基于微观组织结构重构的先进高强度双相钢力学性能预测
Prediction of the Mechanical Properties for Advanced High-Strength Dual Phase Steel Based on the Reconstructed Microstructure
DOI: 10.12677/MS.2019.910118, PDF,  被引量    国家自然科学基金支持
作者: 李洪周*, 张文晶:湖南科技大学机电工程学院,湖南 湘潭
关键词: 微观组织结构双相钢重构拉伸性能剪切性能Microstructure Dual Phase Steel Reconstruction Tensile Property Shear Property
摘要: 本文对先进高强度双相钢微观组织结构显微观测的金相图,采用两点相关性和线性路径概率函数进行统计分析和表征,结合模拟退火优化算法,建立了双相钢微观组织结构的重构方法。基于重构的双相钢微观组织结构构建了代表体积元模型,并进行了拉伸和剪切力学性能的预测。研究结果表明:采用概率统计函数结合优化算法能得到具有统计意义的双相钢典型微观组织结构,基于重构微观组织结构的代表体积元模型预测的力学性能与试验结果吻合良好。
Abstract: The two-point correlation and linear-path probability functions were used to statistically analyze and characterize the metallography of advanced high-strength dual phase steel observed by the optical microscope. Combined with simulated annealing optimization algorithm, a reconstruction method for the microstructure of dual phase steel was established.
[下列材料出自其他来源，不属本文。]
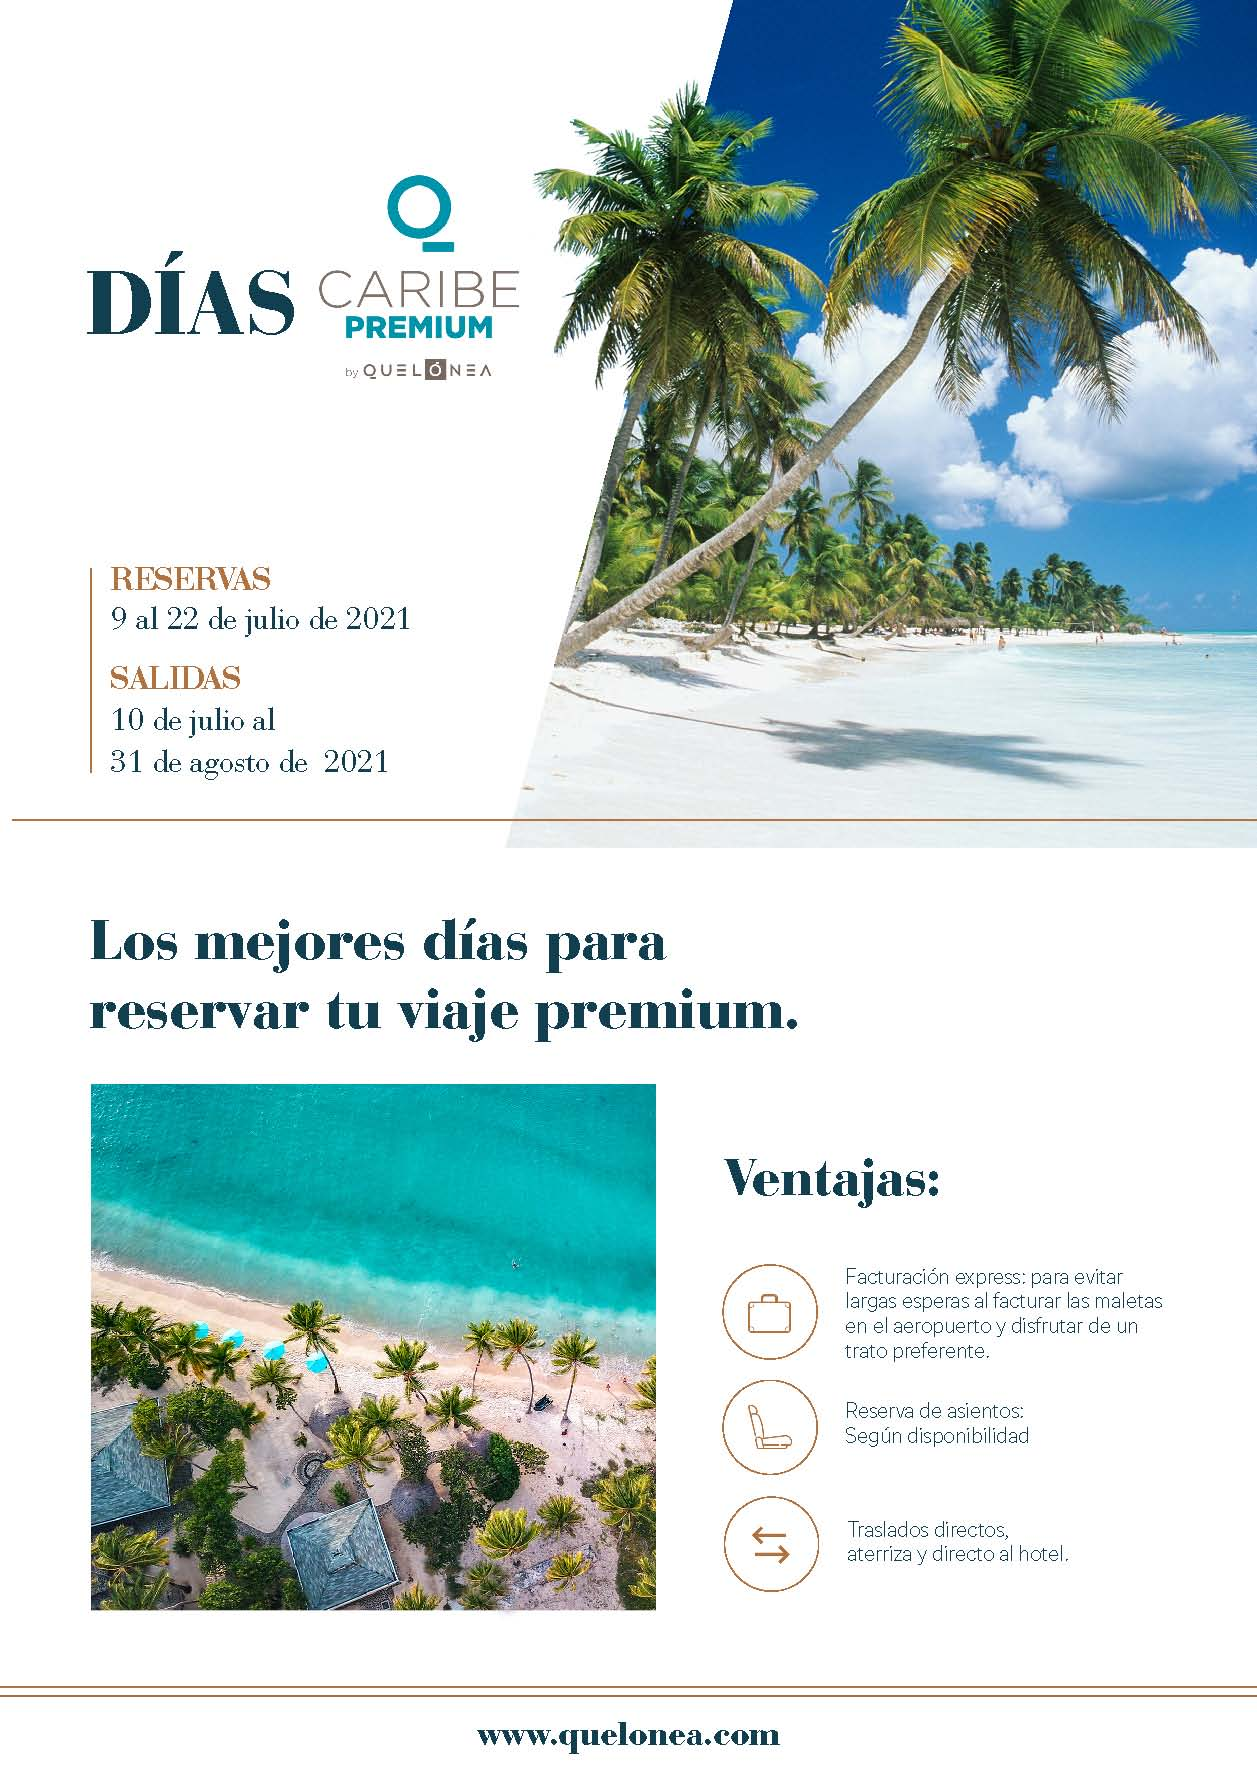 Ofertas Quelonea Dias Caribe Premium Julio Agosto 2021 vuelo directo desde Madrid

The RVE model was constructed based on the reconstructed microstructure. The tensile and shear mechanical properties were predicted by using the RVE model. The results showed that the typical microstructure of the dual phase steel with statistical significance can be obtained by combining the probability function with optimization algorithm. The mechanical properties predicted by RVE model base on the reconstructed microstructure are in good agreement with the experimental results.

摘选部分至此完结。